Warung bubur ayam ‘Biasa Malam’ di Kota Tasikmalaya yang didenda Rp 5 juta karena langgar PPKM Darurat. Foto: Dok. Istimewa

Warung bubur ‘Biasa Malam’ di Kota Tasikmalaya didenda Rp 5 juta karena melanggar Pemberlakuan Pembatasan Kegiatan Masyarakat Darurat (PPKM Darurat). Penyebab warung itu didenda adalah karena pada Senin (5/7) malam, terciduk melayani pembeli makan di tempat.

Usai didenda, pada Selasa (6/7) malam warung bubur yang terletak di perempatan Jalan Galunggung, Kota Tasikmalaya itu masih tetap buka. Namun, kali ini tukang buburnya lebih ketat. Mereka melarang pembeli makan di tempat secara tegas.

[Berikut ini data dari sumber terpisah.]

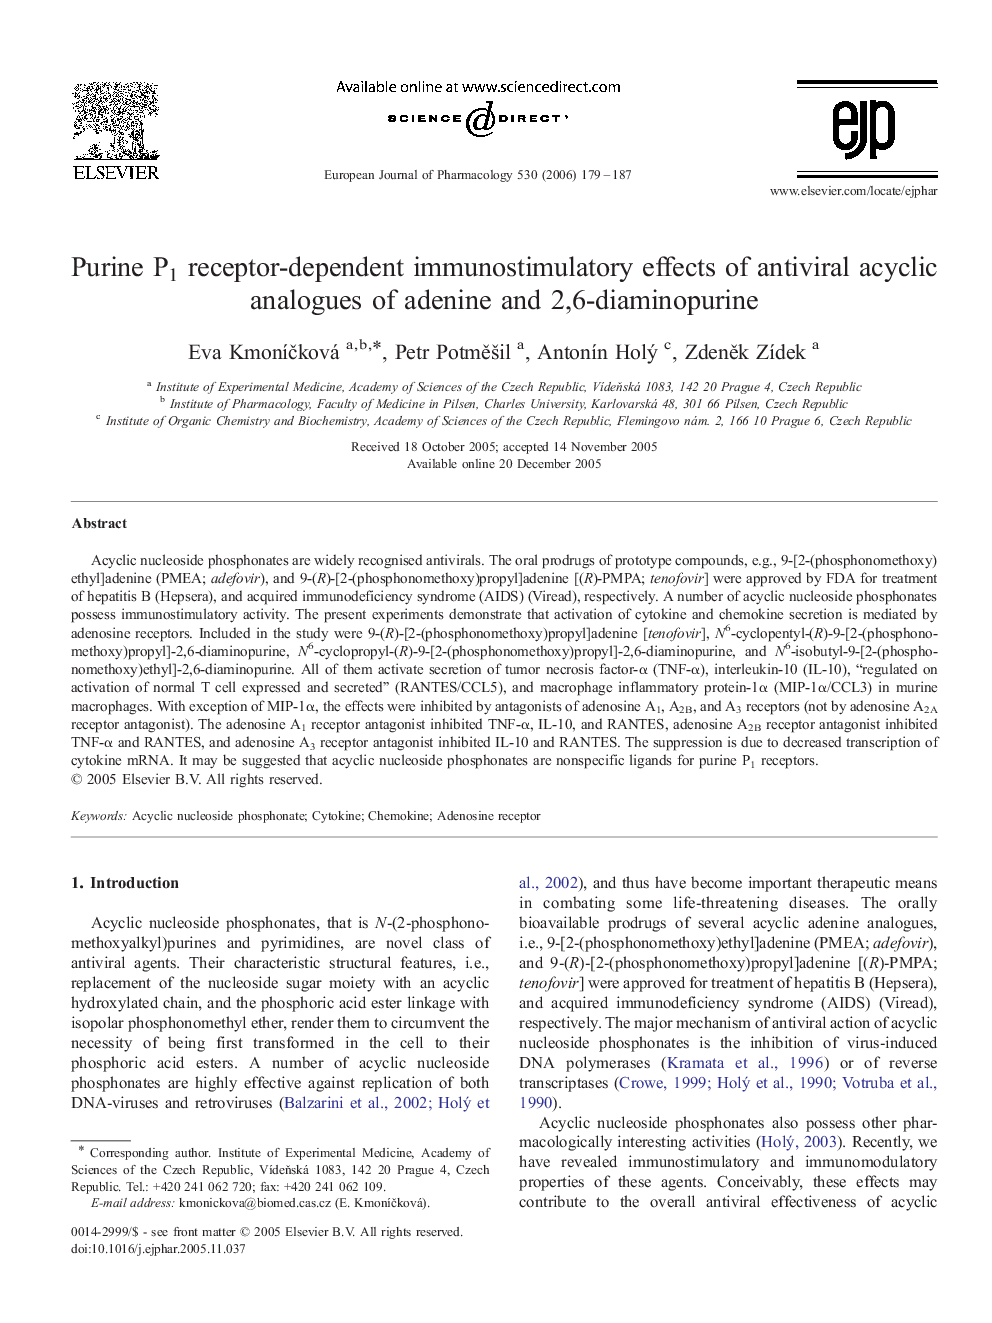 Purine P1 receptor-dependent immunostimulatory effects of antiviral acyclic analogues of adenine and 2,6-diaminopurine

Warung bubur ayam ‘Biasa Malam’ di Kota Tasikmalaya yang didenda Rp 5 juta karena langgar PPKM Darurat. Foto: Dok. Istimewa

“Sekarang boleh jualan asalkan tak melayani makan di tempat. Kalau nggak jualan gimana ya landai aja. Yang penting si pembeli diusulkan jangan makan di tempat,” ujar Sawal Hidayat (28), pedagang bubur.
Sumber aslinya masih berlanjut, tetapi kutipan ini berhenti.